Oct 5, 2009 at 12:26 AM | Unregistered CommenterEW

Really awesome post!! I like it very much!! Great work.. I am completely agree with Vincent. Thanks

Oct 6, 2009 at 8:56 AM | Unregistered Commenterernahrung

Is not Steve McIntyre's commentary and findings the very definition of peer review? Are we going to demand peer review for peer reviewers next?

When it works, peer review is about finding errors, nitpicking the details and ensuring that the methodology is sound before publication. When it fails peer review is no better than a group of 15 year old cheerleaders deciding who to invite to their party. McIntyre is being criticized because the cheerleader set already decided not to invite him and he showed up anyway. Hell hath no fury like a clique of offended researchers and overly dramatic cheerleaders.


Oct 12, 2009 at 4:55 PM | Unregistered CommenterAaron Gee

Where is it that any peer reviewer specifically warrants that what they have reviewed for subsequent publication is "true"?

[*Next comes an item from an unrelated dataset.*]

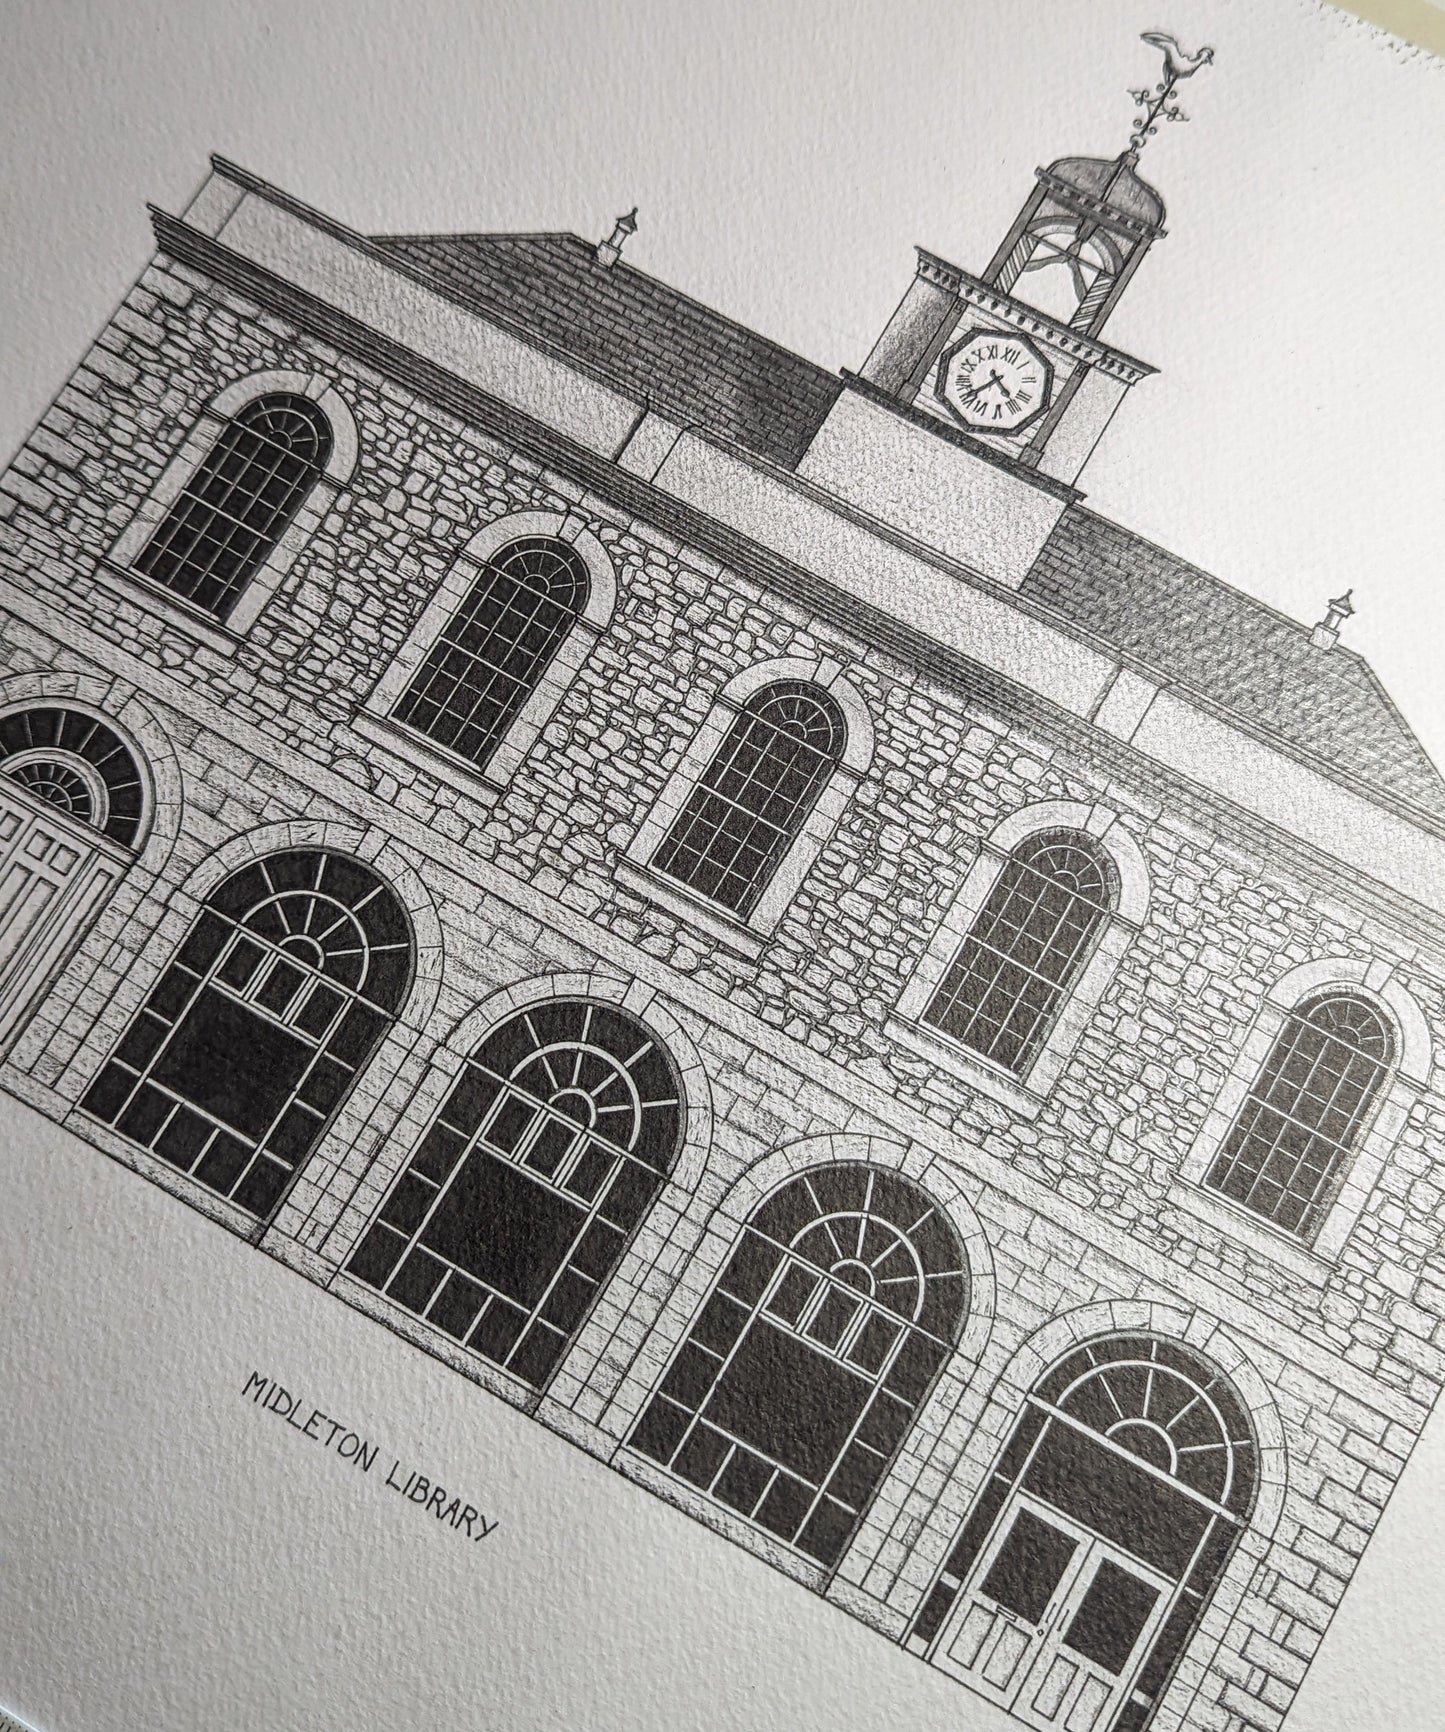 Midleton Library - High Quality Architecture Print

In fact, Peer reviewers can do anything they want as their "review", which should have already been clear to everyone reading publications.

Likewise, it should be fairly obvious by now that the most significant peer review takes place after a paper is published.

In addition, how could peer reviewed pubications possibly publish everything worth publishing?

How can anyone say a priori that anything published anywhere without prior peer review is false or not worth considering?

Fortuneately, we're all still required to make our own assessments.

And I see that DocBud has already made some of these points much better than I have.